Cowboys and communes (a word which rhymed with saloon). And then there were peas in a pod and dumb luck, two phrases somehow having the same meaning in my dream.

“Mr. McGill,” a different voice said.

I realized for the first time clearly how difficult constructing a poem must be.

I opened my eyes. Iran Shelfly and Mardi Bitterman stood over me. Their proximity — and me in a bed in a perpetually empty office space — threatened to become my second first draft of a poem that morning.

“Hey,” I said.

Iran had on a mustard suit and a yellow T-shirt, both close-fitting, of course. The ethereal Mardi’s dress was cream and crowded with rose-colored roses. I inhaled through my nostrils, expecting the scent of those flowers to narcotize me.

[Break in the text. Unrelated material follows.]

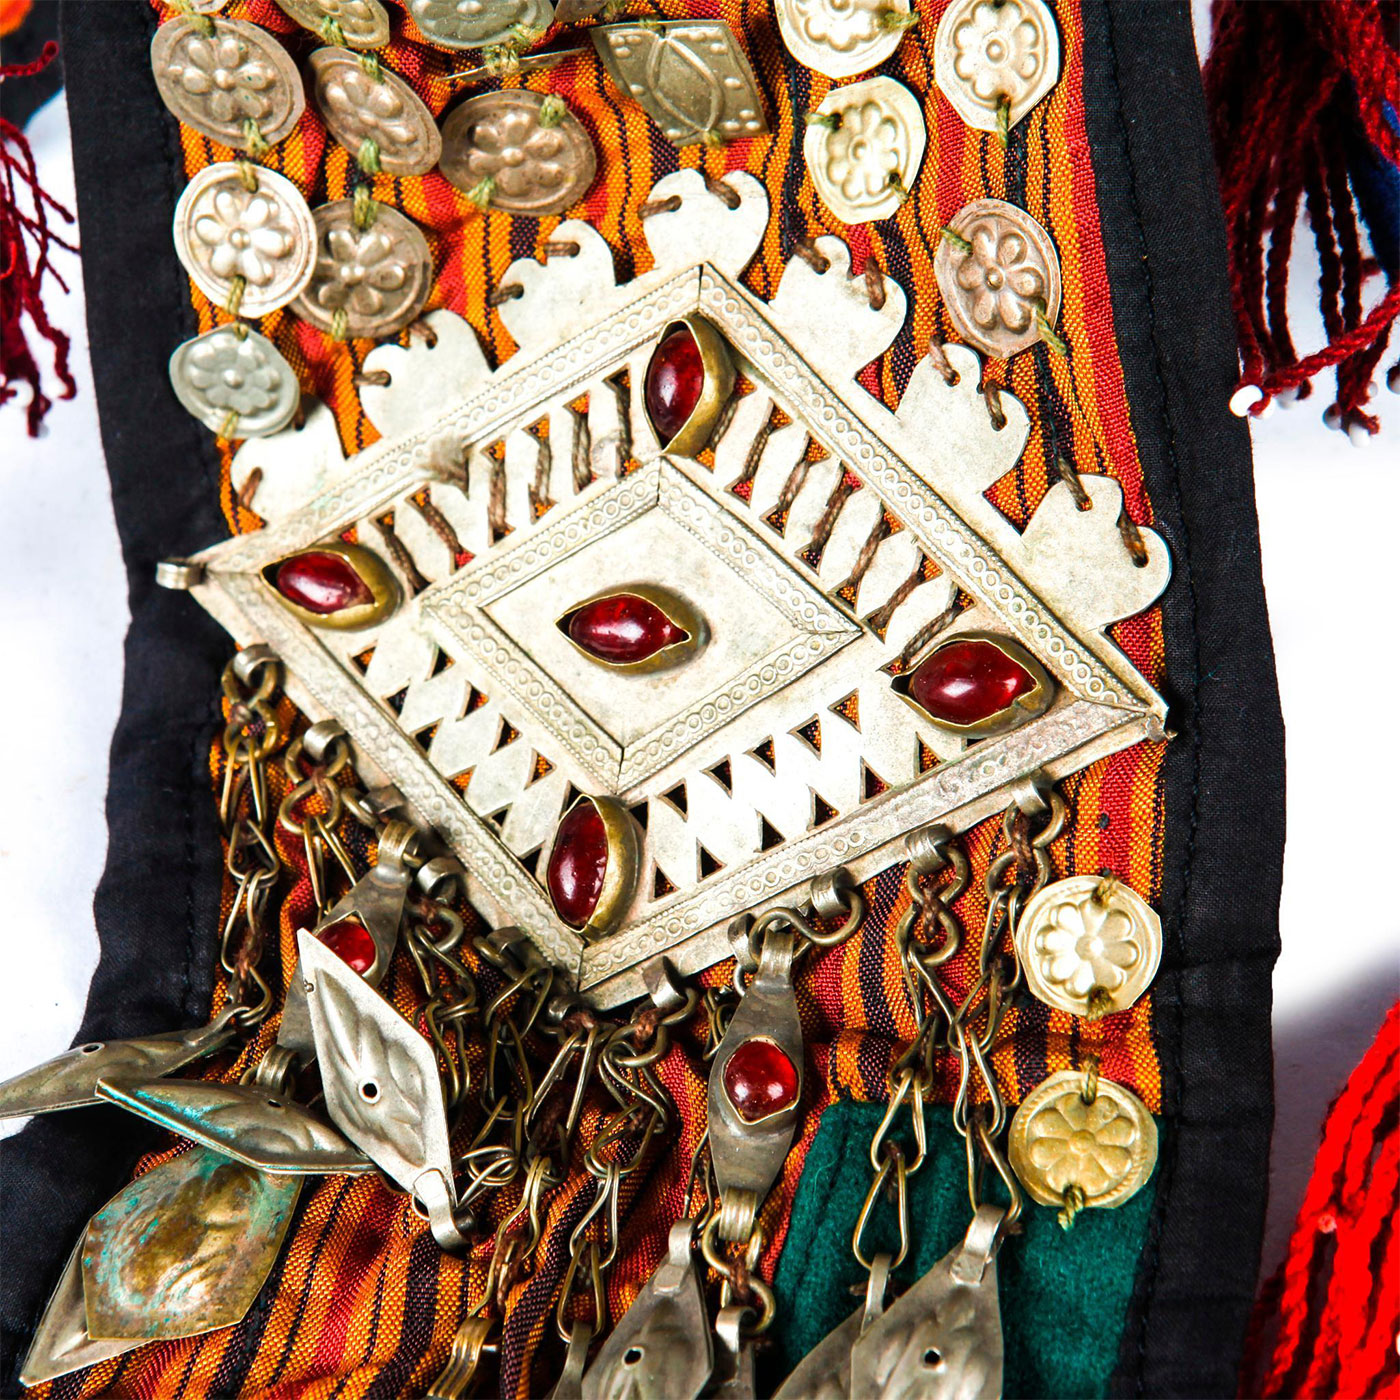 TURKMENISTANI ELABORATE HAND SEWN HEADDRESS WITH COINS - Image 6 of 8

“Time to get up, boss,” she said.

I sat up, fully dressed except for my shoes. I was hungover but hadn’t had a drink. I was an elite mercenary armed with nothing but poetry.

“What time is it?”

“Eight twenty-one,” the ex-con told me.

I scanned the floor, focused on my shoes. Before I could lunge Mardi bent down and actually slipped the boatlike brogans onto my still-stockinged feet. This action soothed someplace deep inside.

“Cyril Tyler is in the outer office,” she said, looking up at my satisfaction.

“What?”

“He was waiting at the door when Iran and I got here,” she continued. “We told him that you weren’t in yet. I didn’t think you were until I realized that only one lock was on.”

“Why didn’t he use the ringer?”

“He was pressing it when we walked up to him.”